De plus, une autre étude montre la formation d’usines transcriptionnelles régulées par NF- kB en réponse à une stimulation au TNF-α544. Toutefois, la mesure dans laquelle les
communautés de gènes se rapprochent des usines transcriptionnelles est difficile à déterminer puisqu’elles ne sont pas identifiées à la même échelle. En effet, les usines transcriptionnelles ont été essentiellement caractérisées par imagerie dans des cellules uniques alors que les communautés de gènes sont identifiées dans des populations de cellules et pourraient représenter une superposition de conformations dynamiques différentes.

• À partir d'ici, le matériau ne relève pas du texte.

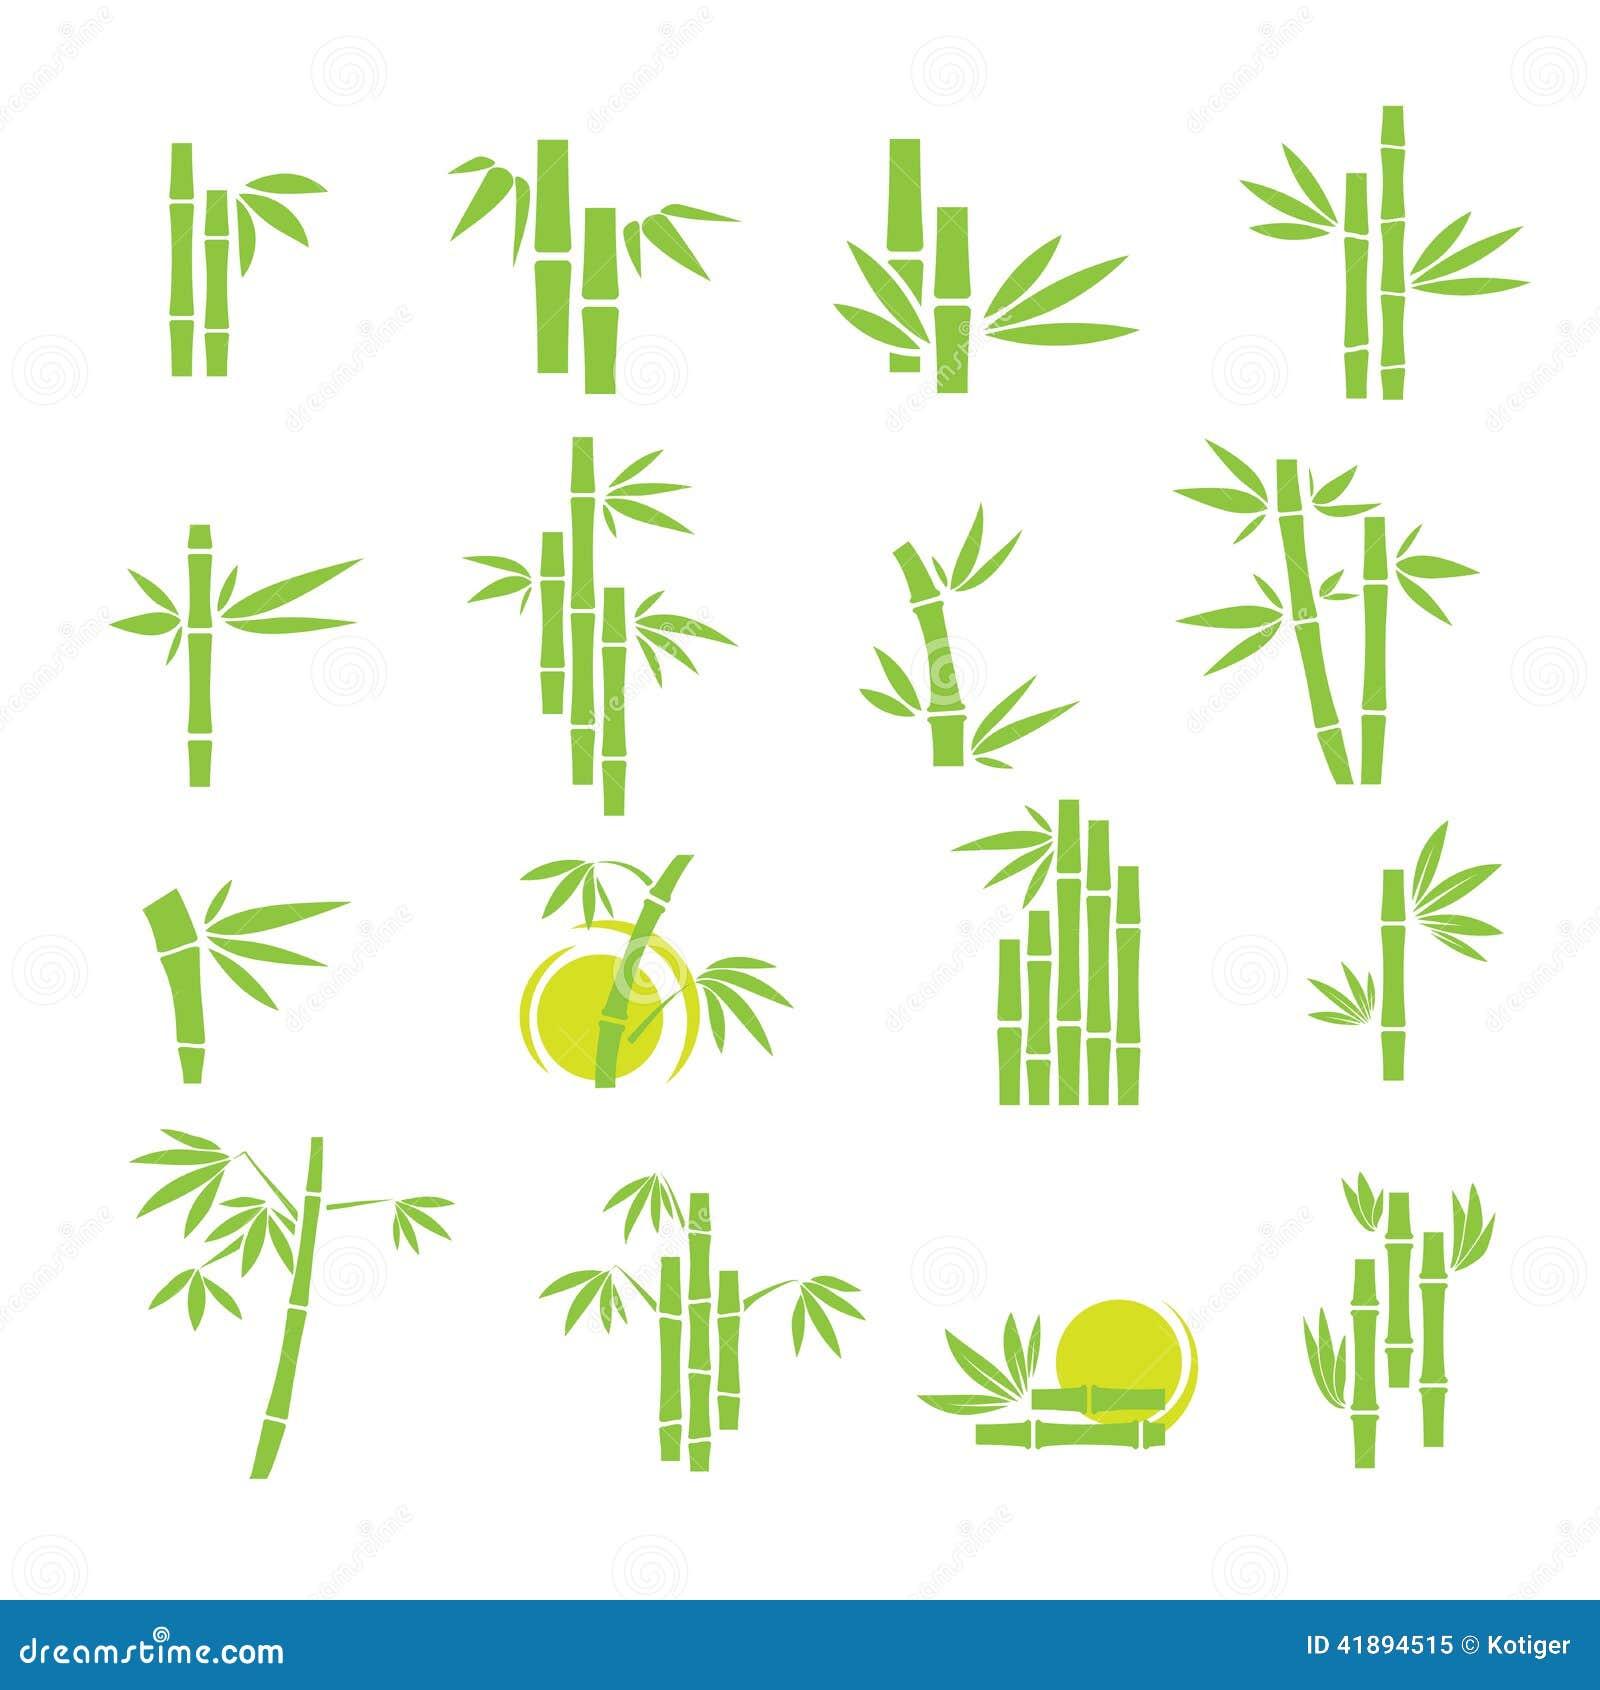 Bamboo Vector Symbol Icons Set Stock Vector Image 41894515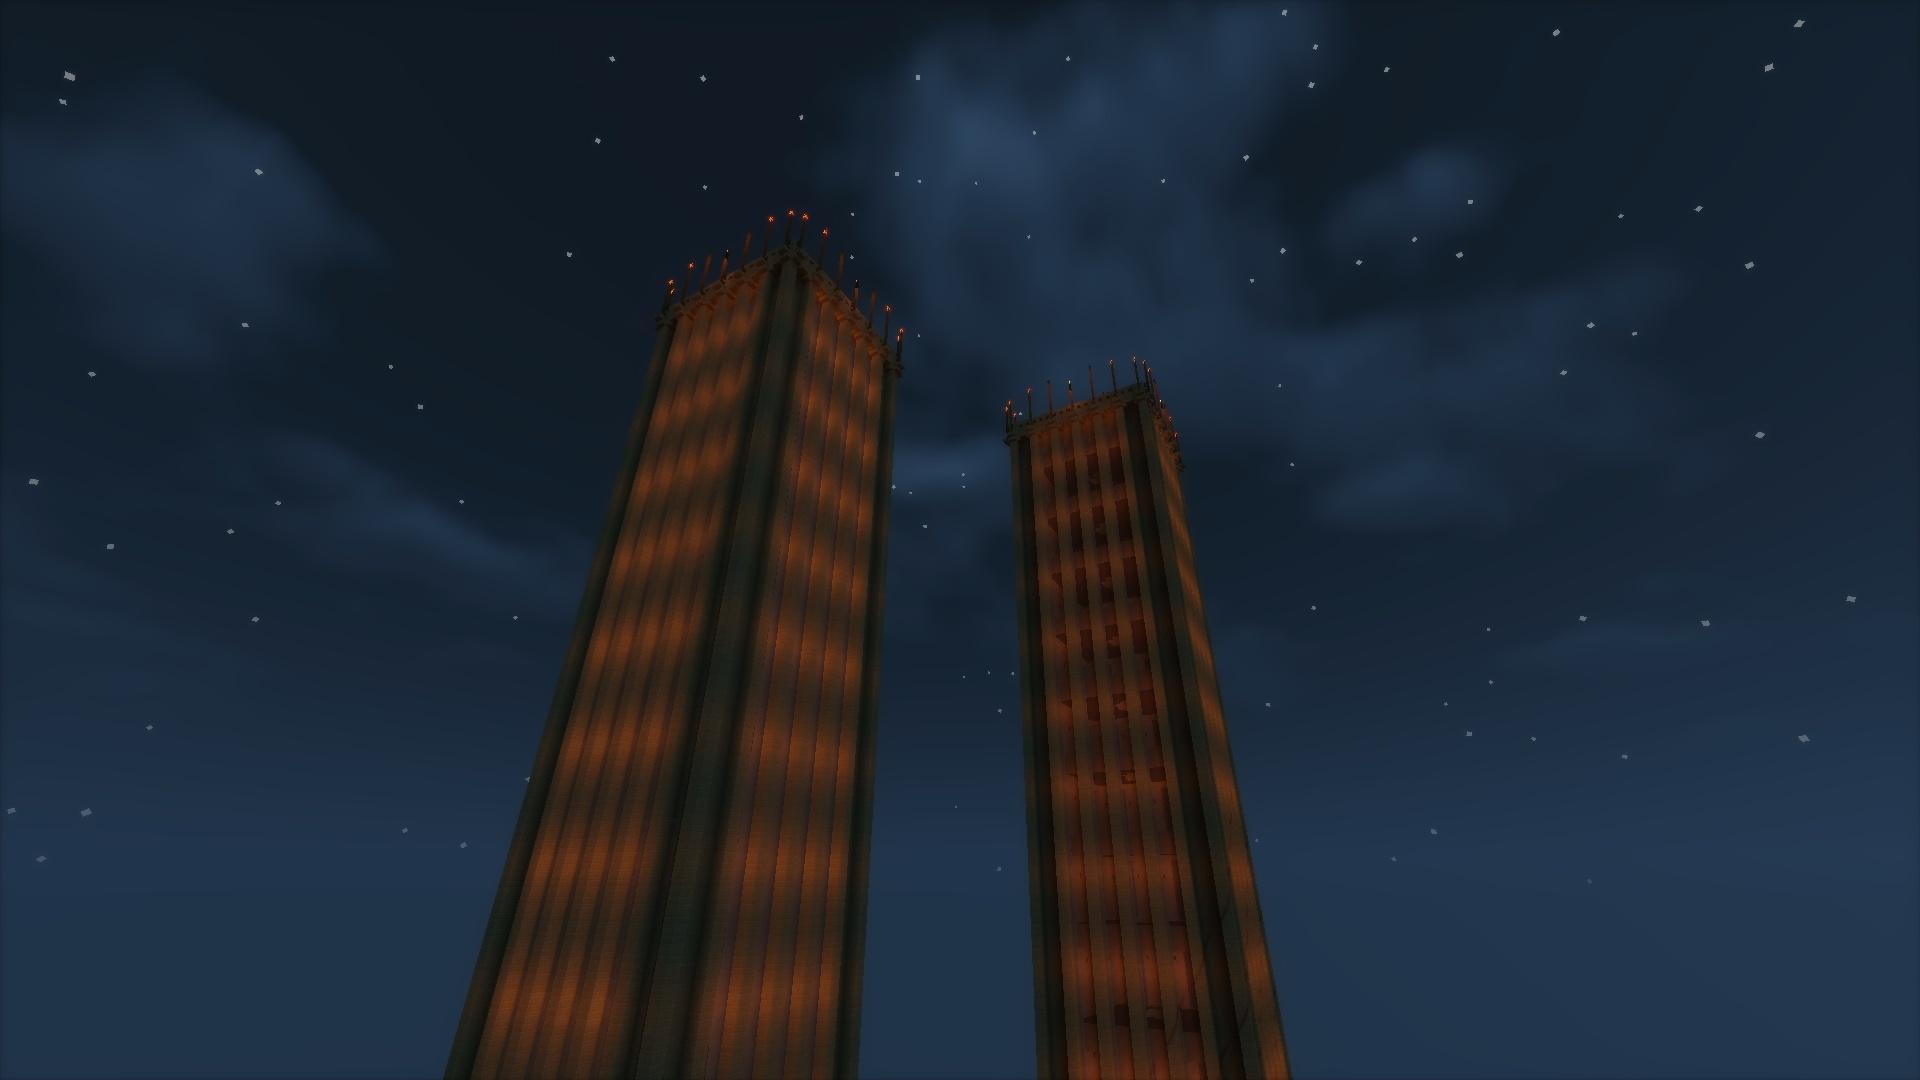 ça ne serait pas les tours du World Trade Center ça ? O=

En prenant l’ensemble de ces observations en compte, nous proposons que les communautés de gènes sont des unités transcriptionnelles centrées sur l’ARN Pol II, où un promoteur peut notamment réguler l’activité des autres promoteurs avec lesquels il interagit, qui permettent d’organiser l’architecture 3D de la chromatine à l’intérieur des TADs afin de regrouper des gènes actifs co-régulés. En accord avec cela, il a été montré que les contacts chromosomiques sont importants pour permettre la co-régulation transcriptionnelle de gènes organisés en communautés546. De plus, la perte de fonction d’un facteur de transcription ne régulant qu’un seul gène au sein d’une communauté peut affecter les interactions entre plusieurs gènes, même s’ils ne sont pas directement liés par ce facteur543, confirmant que les interactions chromatiniennes sont importantes pour la co-
régulation de l’expression des gènes. Ainsi, afin de comprendre la régulation d’un gène donné, il ne suffit plus de prendre en compte les interactions que le promoteur du gène met en place avec des enhancers, mais il faut également considérer l’ensemble des autres contacts chromatiniens qu’il établit, notamment avec les promoteurs d’autres gènes. À l’avenir, les techniques dérivées du système CRISPR-Cas9 permettant de manipuler l’activité transcriptionnelle des gènes687–689 offriront surement de nouvelles
possibilités pour l’étude des mécanismes de régulation de la transcription au sein des communautés de gènes. Ces méthodes permettront notamment de tester si la transcription active d’un gène donné est nécessaire à la mise en place de certaines interactions chromosomiques.